So tightly written it almost runs away with itself, and subsequently, the reader, The Prime Minister’s Affair is set in 1929 when memories of The Great War are fading, but a little guy in Germany is beginning to flex his muscles.

Great Britain’s Prime Minister is Ramsay MacDonald, a quiet, handsome and successful politician who has just won the first general election for the Labour Party. He is riding high when a late evening visitor brings an unforeseen problem in the shape of a woman he had an affair with a year or so back. She says she will show the press some very embarrassing love letters he wrote to her in a passion very unlike his usual staid and careful self, unless a large amount of money is given to her, and MacDonald can see his glorious win for the Labour party fragmenting before his eyes.

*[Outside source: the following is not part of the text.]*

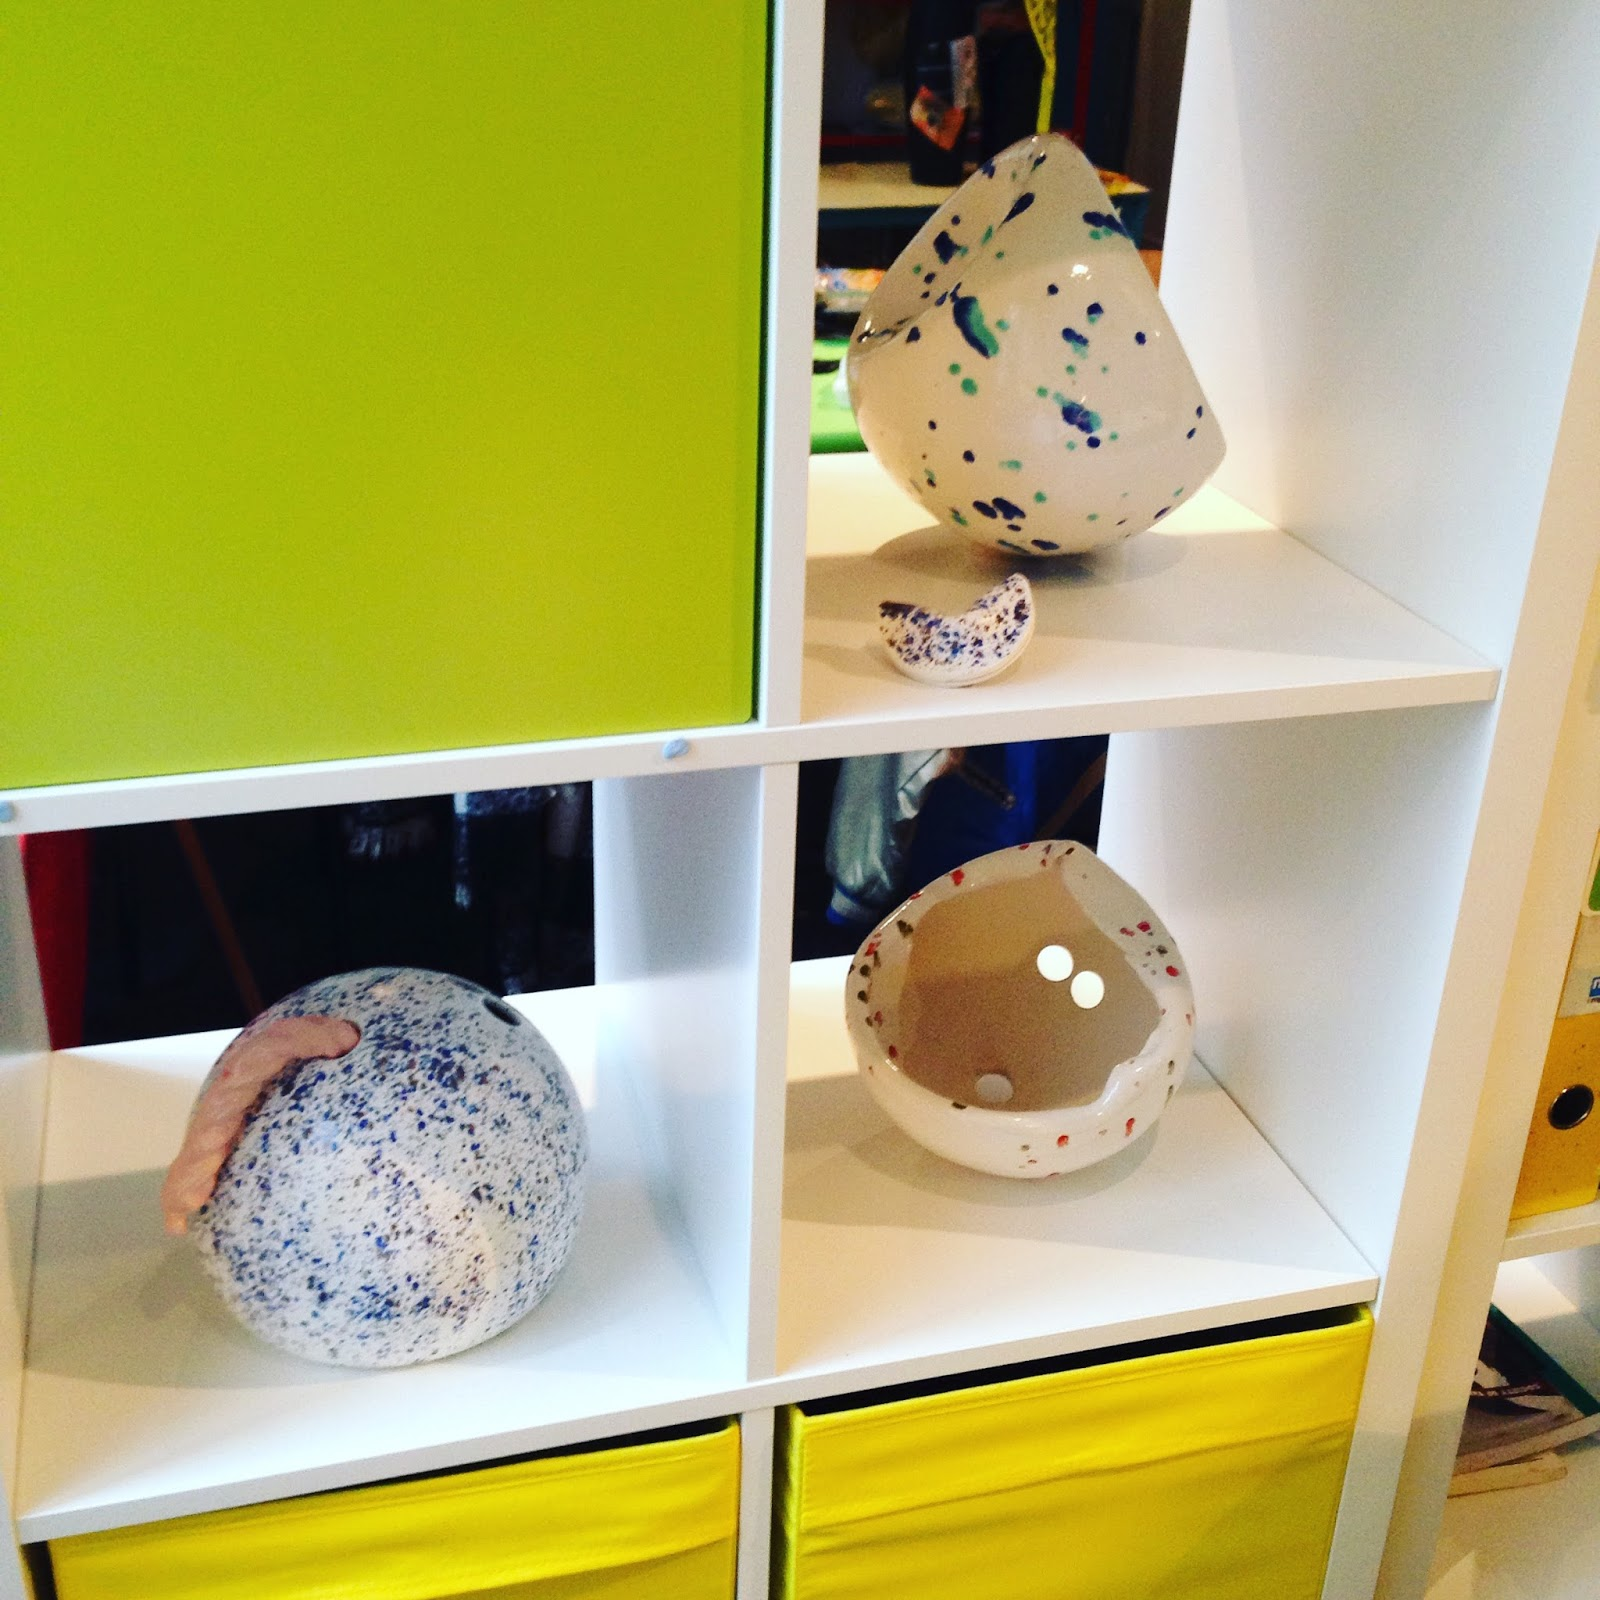 Ceramics by Paloma Proudfoot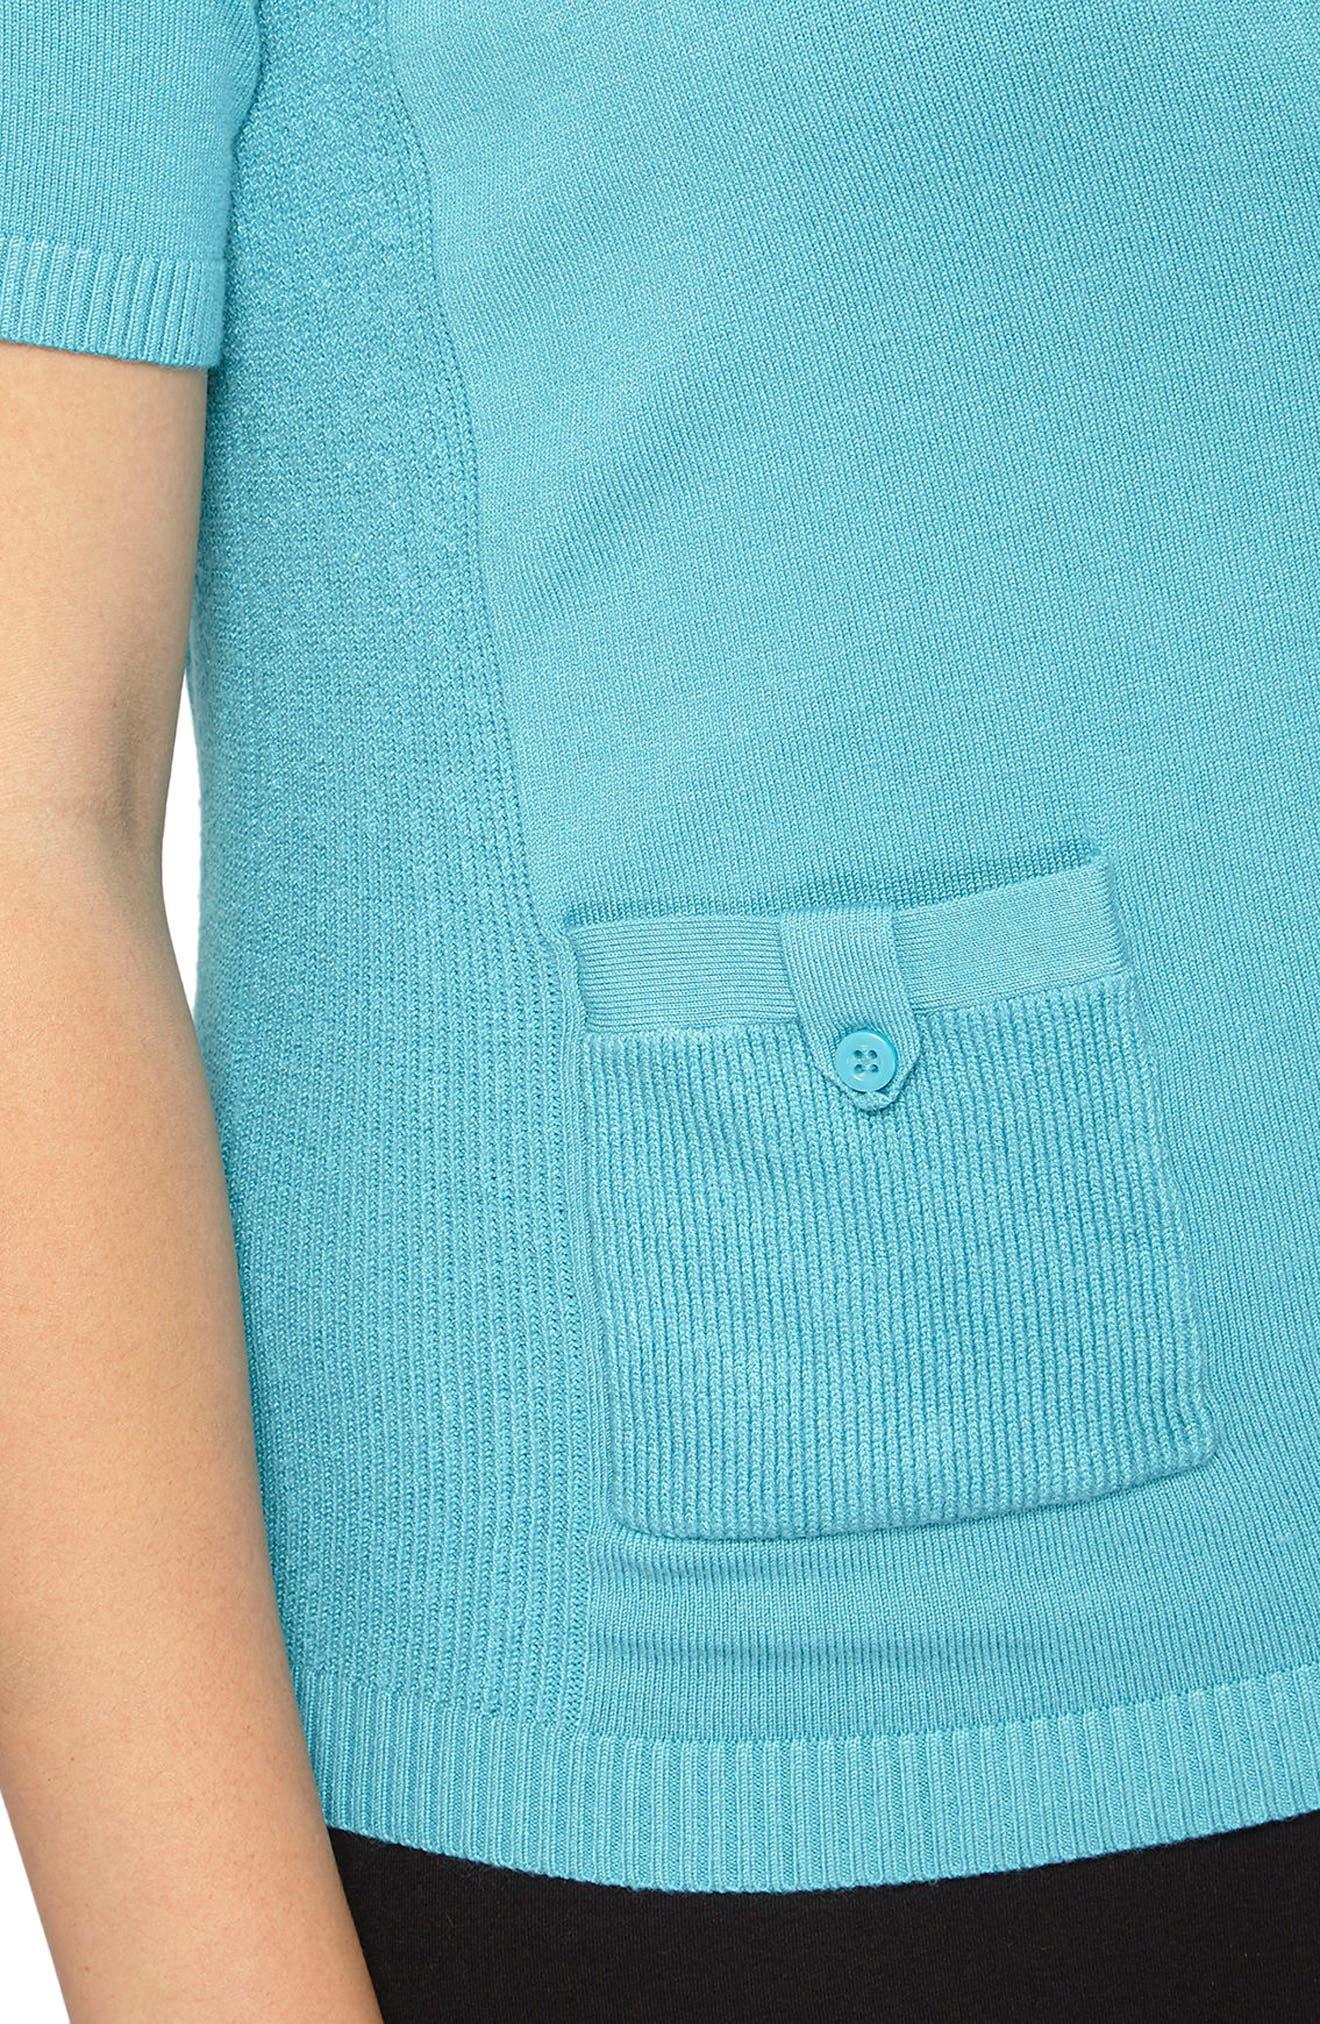 Tab Pocket Cardigan,                             Alternate thumbnail 3, color,                             430

It is not in the Prime Minister’s nature to give in to blackmail but he soon realises he has no choice and the matter is quickly in the hands of the British Secret Service, which turns out to be not as biddable as he would like. His attempts at secrecy fail and the story becomes a knife edge thriller as it becomes clear that many parties are involved, all of whom have different agendas and are not too worried about how they will affect the Prime Minister.

From hereon the book negotiates the multiple and frightening ways of these various and brutal groups and individuals, who are either powerful and strong or weak and chaotic, who can put an end to the political life of Ramsay MacDonald. There is the hypnotic effect of power in some, who will stop at nothing to achieve it, and there is the power of money, which will wipe away anything in its path to attain their ultimate prize. There are also the remains of the rest who are as yet unknown.

“Compulsive and fast-moving”

The Prime Minister's Affair Andrew Williams book review coverThe fight for power by the trapping of Kristina Forster and the her pack of letters is a dirty and brutal affair and her life is in danger, but the efforts of each of the parties involved in this situation are presented very clearly and quite bleakly. The author brings the stamp of authority and validity to his writing which makes for fascinating, if somewhat uncomfortable, reading.

Andrew Williams has a clear and concise way of writing which makes for an easy and swift understanding of the plot. There is a liberal sprinkling of scenes of violence throughout the book, but it is never gratuitous. It is described quickly and sharply which gives a livid and unstoppable lurch to the stomach, but which is soon forgotten in the compulsive and fast moving story. This novel is an exciting and historical read, and brings to life a set of circumstances taking place in a time not so long ago, and which makes the reader aware that the public will only ever know a fraction of the real politics that unfold around us.

This is a fast moving novel which stems mostly on the one man who seems to be trying to reach an acceptable solution, and how he meets brutality and fear along the way. We come into contact with Sir Edward Mosley, one time darling of the hungry and the downtrodden, who then toyed with fascism and became a political pariah. The horror of the Depression when children died of hunger as polititions wavered is toyed with and gives us a whole new view of those times as they crept slowly towards the Second World War.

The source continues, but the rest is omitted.